From the outside it looks as if the majority of organisations are in a mess.
Surveys tell us that only a third of workers bring their A-game to the office. More and more time is spent at work, or working via the umbilical cord of our smartphones, yet productivity is stuck in the pre-digital era.
Stressed and overwhelmed
To make things worse, more people at all levels in organisations are reporting excessive levels of stress. Both employee and company suffers; when we are under stress our brain prioritises survival, and reduces our capacity to think clearly or creatively and to make rational decisions.
Grand initiatives haven’t made a dent in the discontent and disengagement
Everyone seems aware of the problem and a whole industry has sprung up, with million dollar consultancies and business schools clamouring to fix the problem.
However it isn’t working. Three quarters of those expensive change initiatives fail and it doesn’t seem managers with MBAs can transform the way their teams feel about work either.

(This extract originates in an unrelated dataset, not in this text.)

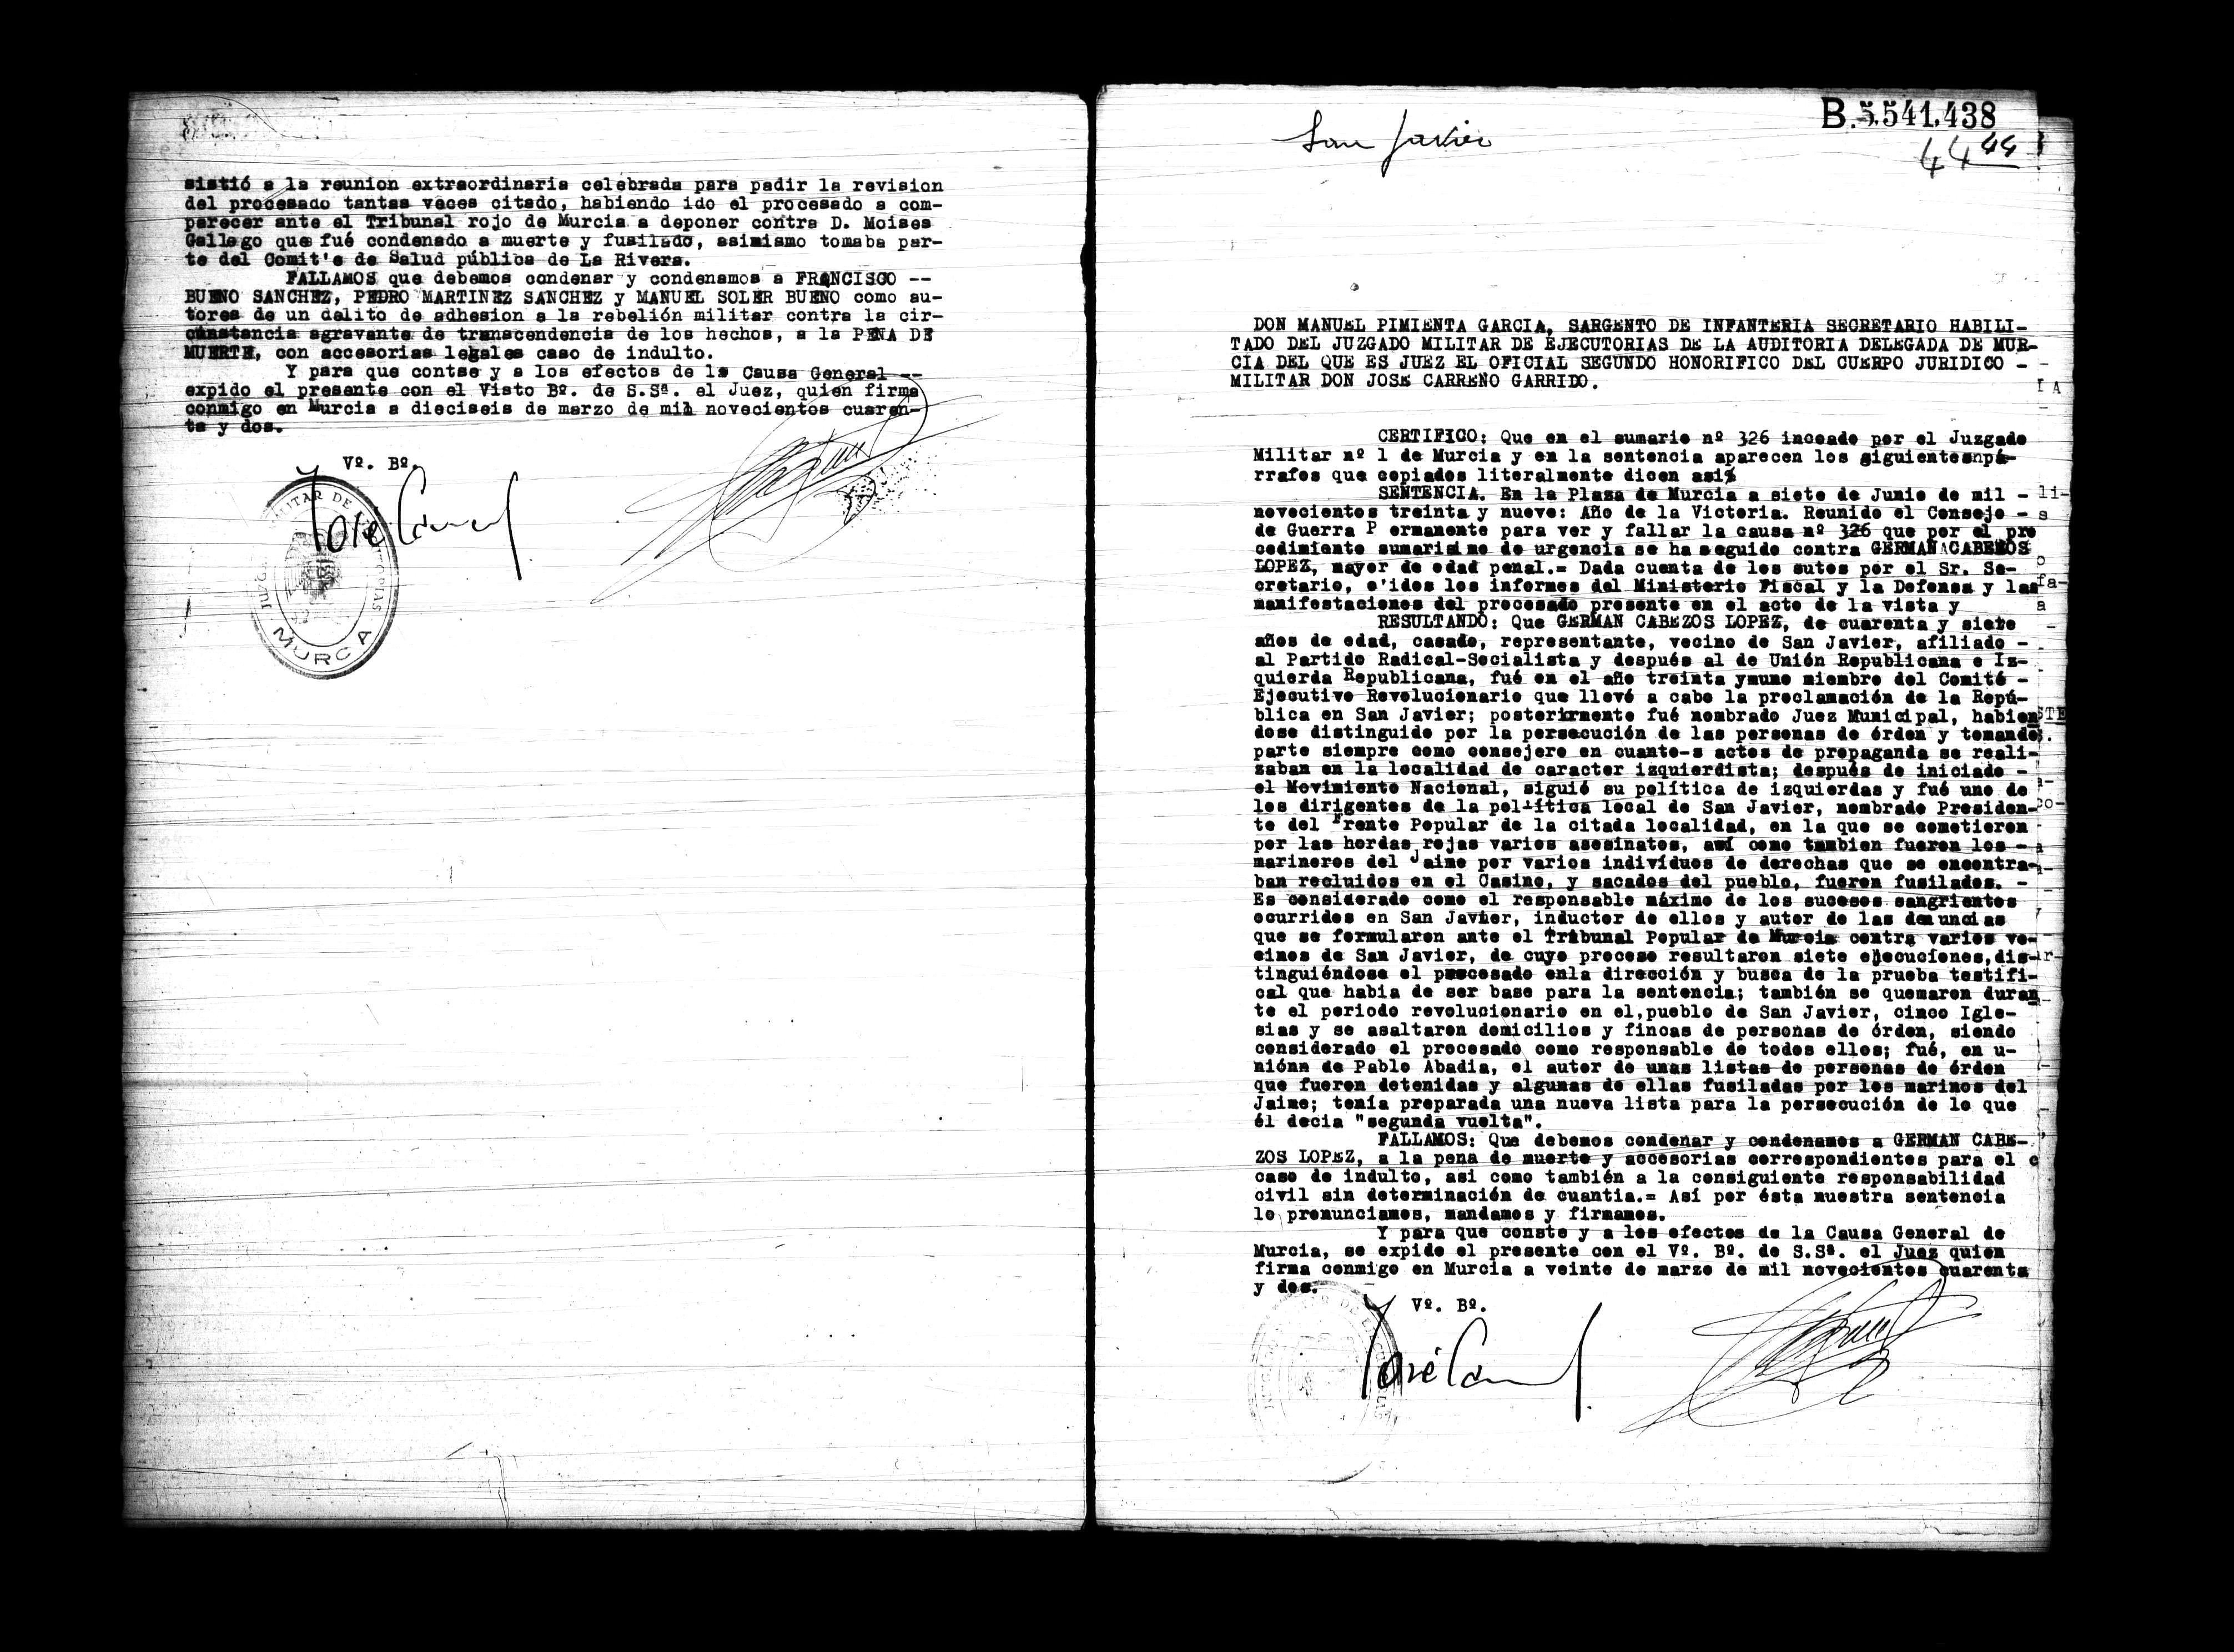 Certificado de la sentencia pronunciada contra Germán Cabezos López, causa 326, el 7 de junio de 1939 en Murcia.

So where’s the real problem?
When we at Mackie Consulting listen to people in organisations through our Clarity Survey, and through our coaching work with teams and individuals, people tell us that they are not having the conversations they should be having. What we hear supports the Ken Blanchard Leadership company’s research that shows the extent to which conversations are avoided:
- 81% say their boss doesn’t listen to them
- 82% say their leaders don’t provide appropriate feedback
- 28% say they rarely or never discuss their future goals with their boss
- only 34% meet with their boss once per week
While people talk a lot, they have lost the habit of having meaningful, quality conversations
In all too many organisations, meetings are long and formulaic. People come to meetings either to transmit information or receive it. Dialogue seems to have been substituted by the “let-s-read-this-presentation-together” practice.
Meaningful conversations are frequently avoided, and the more challenging conversations are saved up for those zinging e-mails or vented to the wrong person at the coffee shop or water cooler.
Is it time to get back to being human?